The result should be the full listing copied exactly, with no pictures in it.

▸ **Data segment**:
----
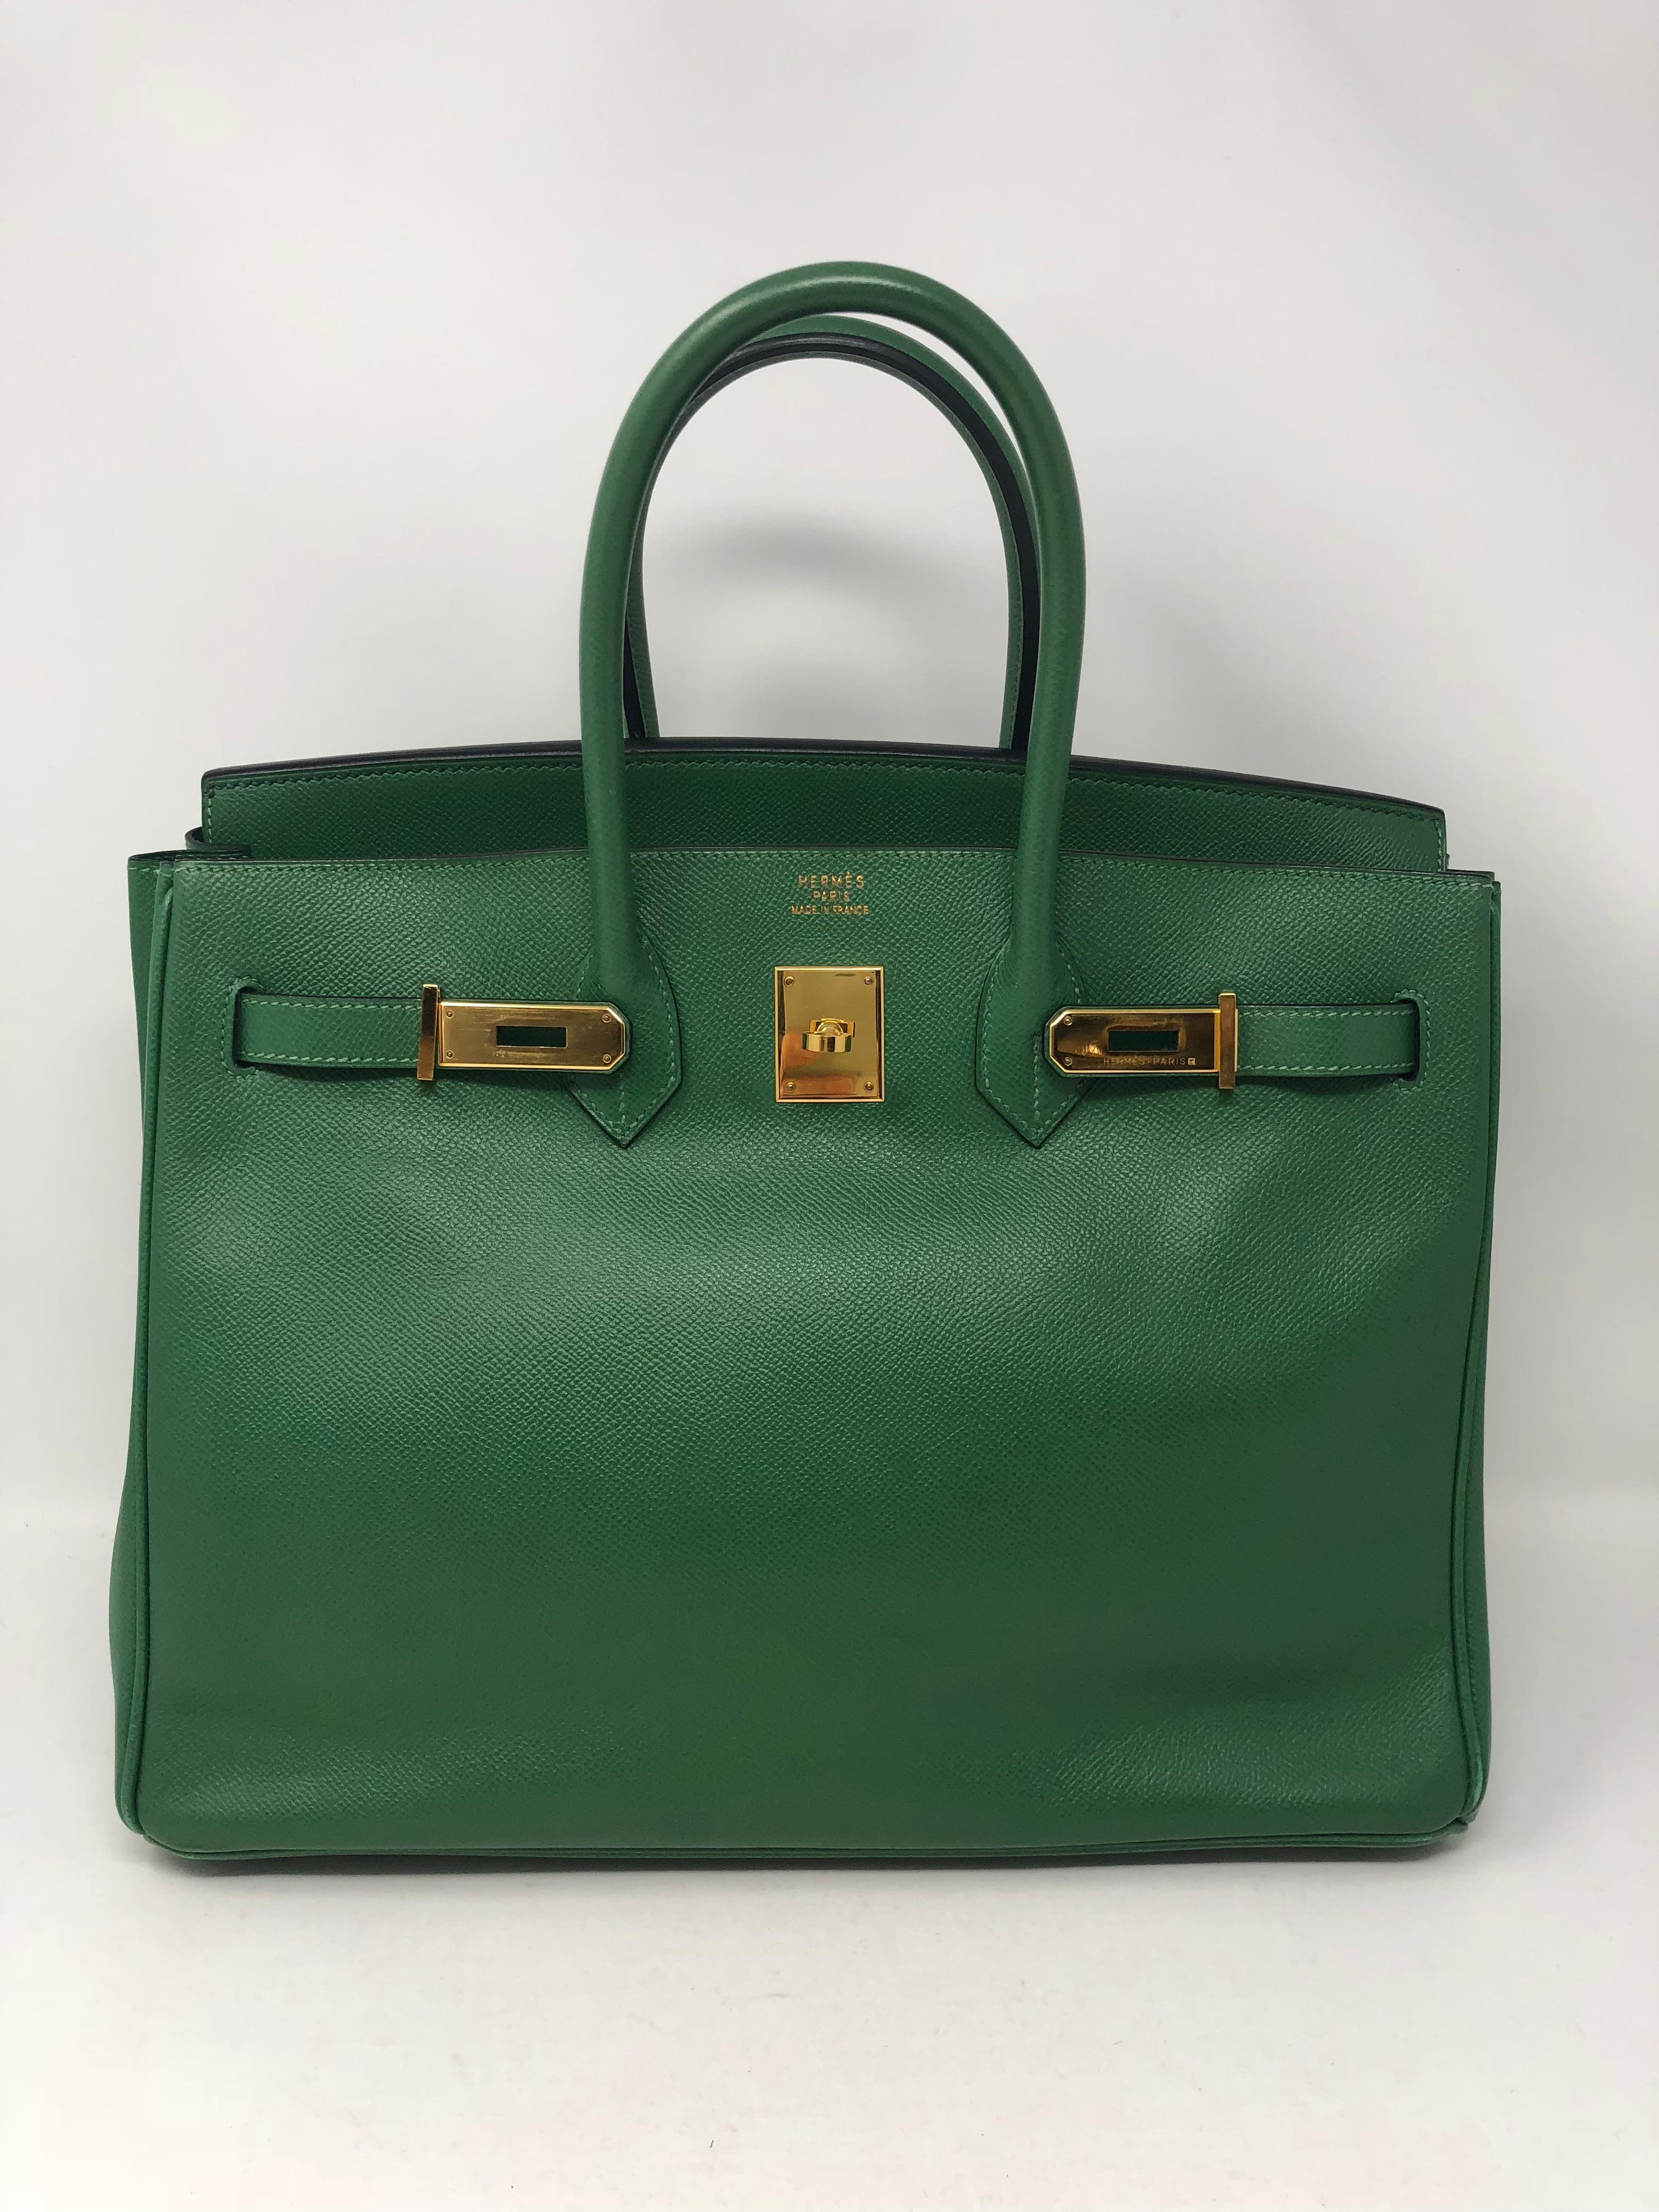 Hermes Birkin 35 in Emerald Green color. It is a beautiful deep green that is the most wanted color for the Season. Gold hardware and courchevel leather. Vintage Birkin in great condition. Light wear only on corners. Barely noticeable and leather in
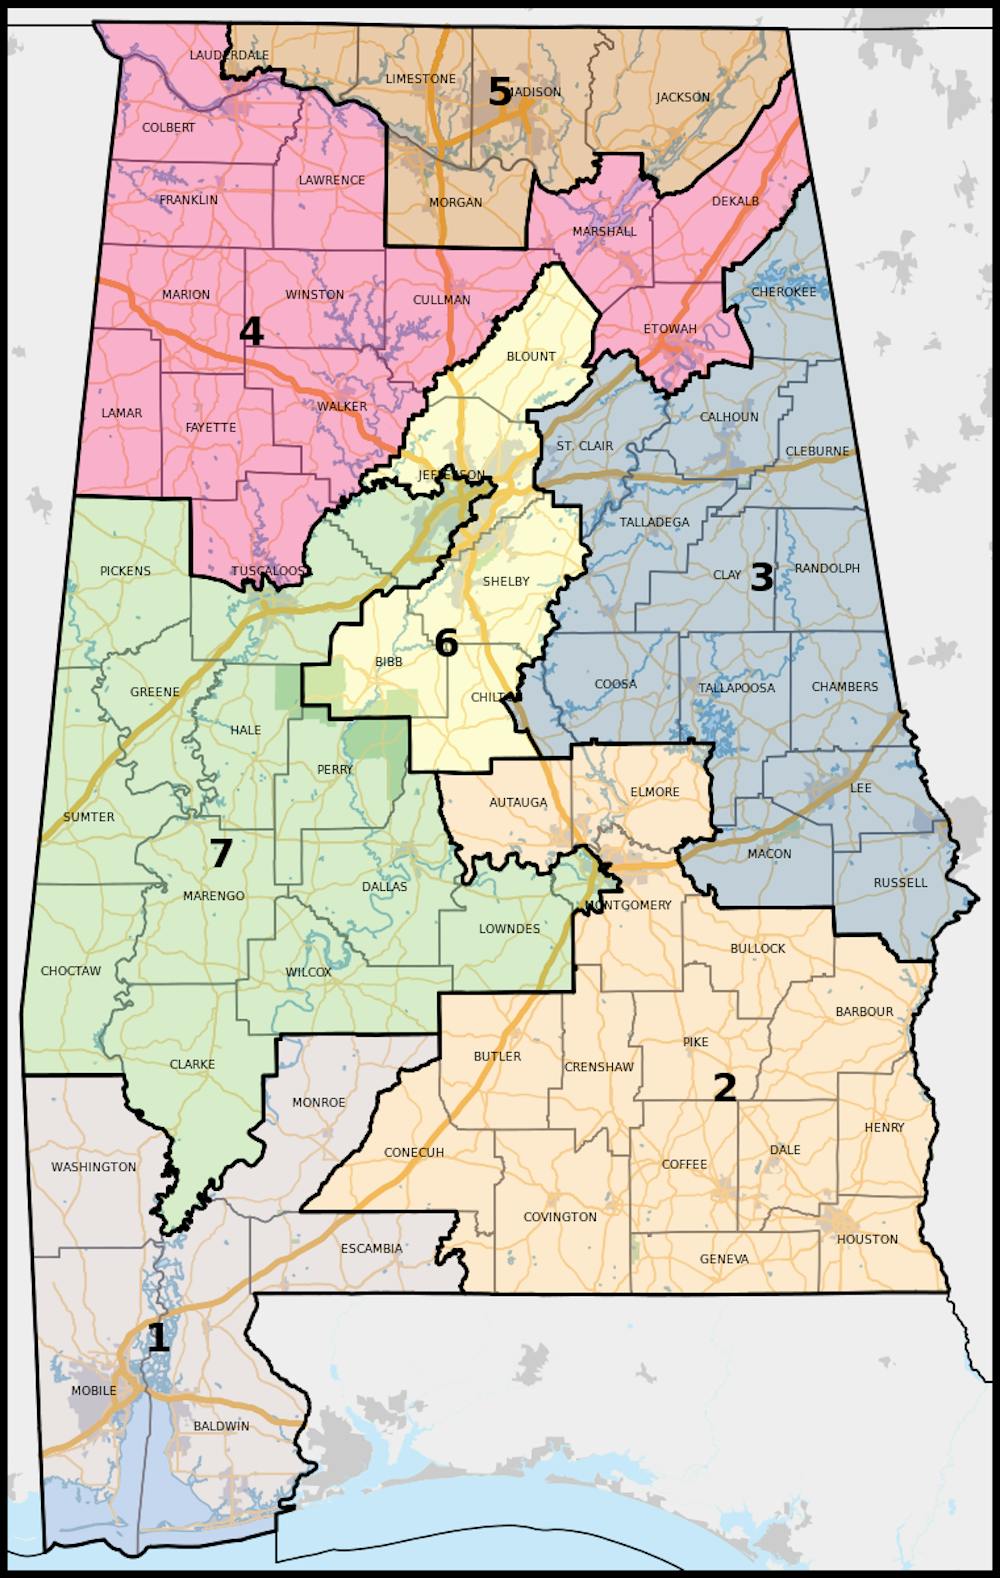 alabama-releases-revised-congressional-map-federal-judges-reject-it
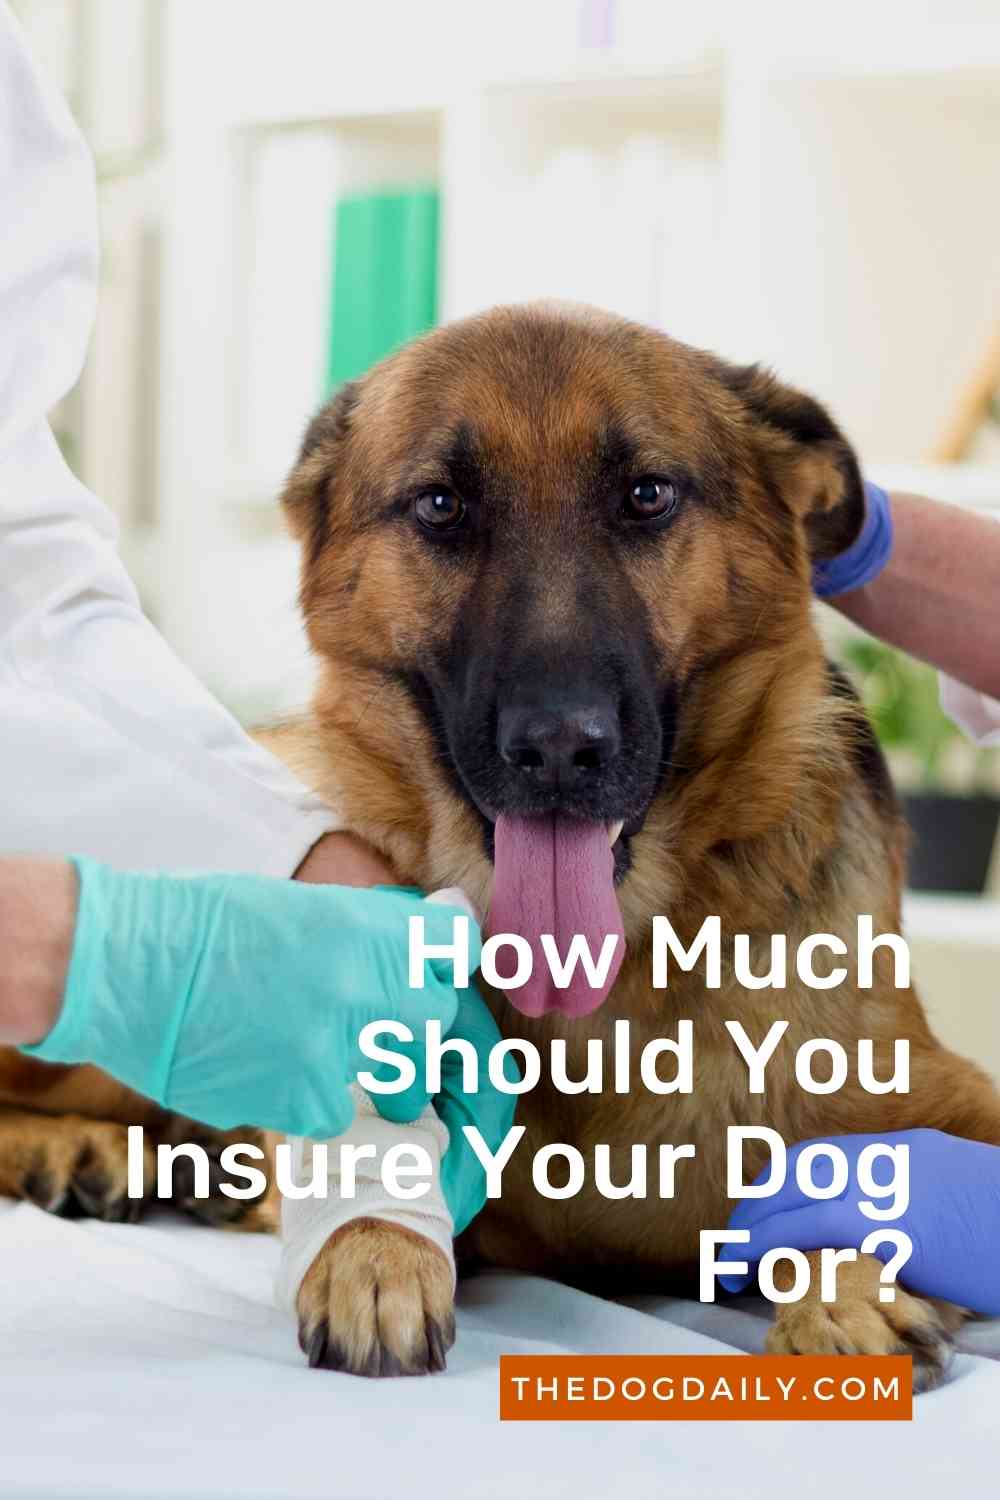 Is Pet Insurance the Right Investment For You and Your Dog?
----
▸ **The completed task**:
 Hermes Birkin 35 in Emerald Green color. It is a beautiful deep green that is the most wanted color for the Season. Gold hardware and courchevel leather. Vintage Birkin in great condition. Light wear only on corners. Barely noticeable and leather in
 alabama-releases-revised-congressional-map-federal-judges-reject-it
 Is Pet Insurance the Right Investment For You and Your Dog?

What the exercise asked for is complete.